• [TASK REQUIREMENTS] Every line from the one with "NASA - Hurricane" to the one with "302 W. Women's", including those two, is to be copied exactly; all other lines of the entries below are left out.

╭─ DATA FOR THIS EXERCISE

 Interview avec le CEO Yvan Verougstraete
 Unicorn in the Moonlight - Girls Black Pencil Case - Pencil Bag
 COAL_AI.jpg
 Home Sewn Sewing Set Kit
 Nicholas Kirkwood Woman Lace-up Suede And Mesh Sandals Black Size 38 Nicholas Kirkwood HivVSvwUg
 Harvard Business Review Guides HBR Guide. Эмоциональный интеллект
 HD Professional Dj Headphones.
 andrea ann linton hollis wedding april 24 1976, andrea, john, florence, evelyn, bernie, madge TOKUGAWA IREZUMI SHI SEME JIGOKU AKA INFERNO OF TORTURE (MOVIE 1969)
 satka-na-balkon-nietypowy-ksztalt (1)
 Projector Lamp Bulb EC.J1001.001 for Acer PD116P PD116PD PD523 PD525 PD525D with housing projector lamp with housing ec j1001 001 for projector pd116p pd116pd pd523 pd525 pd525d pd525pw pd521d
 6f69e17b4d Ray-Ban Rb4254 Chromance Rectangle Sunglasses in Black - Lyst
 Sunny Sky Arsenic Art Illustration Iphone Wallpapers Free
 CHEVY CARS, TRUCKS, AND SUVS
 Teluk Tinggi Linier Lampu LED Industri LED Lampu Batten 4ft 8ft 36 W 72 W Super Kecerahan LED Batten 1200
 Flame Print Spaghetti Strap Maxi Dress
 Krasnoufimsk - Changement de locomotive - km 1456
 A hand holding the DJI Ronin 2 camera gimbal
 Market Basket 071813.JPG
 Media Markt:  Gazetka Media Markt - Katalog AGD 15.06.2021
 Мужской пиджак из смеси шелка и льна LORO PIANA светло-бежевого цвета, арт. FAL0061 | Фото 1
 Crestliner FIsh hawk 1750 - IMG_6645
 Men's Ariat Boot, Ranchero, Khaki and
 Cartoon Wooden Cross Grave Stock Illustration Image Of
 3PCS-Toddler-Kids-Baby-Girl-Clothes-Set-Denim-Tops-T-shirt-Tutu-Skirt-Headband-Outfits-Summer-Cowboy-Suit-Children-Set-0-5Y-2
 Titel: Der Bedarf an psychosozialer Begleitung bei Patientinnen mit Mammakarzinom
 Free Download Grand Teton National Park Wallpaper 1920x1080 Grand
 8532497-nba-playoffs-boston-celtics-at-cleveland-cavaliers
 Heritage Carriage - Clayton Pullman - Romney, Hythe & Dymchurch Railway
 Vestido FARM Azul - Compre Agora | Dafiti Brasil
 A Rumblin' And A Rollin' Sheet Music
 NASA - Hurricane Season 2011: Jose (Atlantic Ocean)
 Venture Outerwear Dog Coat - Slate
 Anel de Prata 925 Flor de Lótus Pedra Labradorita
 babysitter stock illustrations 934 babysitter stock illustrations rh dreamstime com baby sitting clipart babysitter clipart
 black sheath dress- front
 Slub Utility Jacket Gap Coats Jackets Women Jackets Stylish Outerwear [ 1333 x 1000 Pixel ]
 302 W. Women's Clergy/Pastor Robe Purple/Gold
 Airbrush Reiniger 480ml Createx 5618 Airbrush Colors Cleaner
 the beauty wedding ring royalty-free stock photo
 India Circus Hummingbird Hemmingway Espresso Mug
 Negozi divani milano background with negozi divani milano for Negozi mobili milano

╰─

• [TASK OUTPUT]
 NASA - Hurricane Season 2011: Jose (Atlantic Ocean)
 Venture Outerwear Dog Coat - Slate
 Anel de Prata 925 Flor de Lótus Pedra Labradorita
 babysitter stock illustrations 934 babysitter stock illustrations rh dreamstime com baby sitting clipart babysitter clipart
 black sheath dress- front
 Slub Utility Jacket Gap Coats Jackets Women Jackets Stylish Outerwear [ 1333 x 1000 Pixel ]
 302 W. Women's Clergy/Pastor Robe Purple/Gold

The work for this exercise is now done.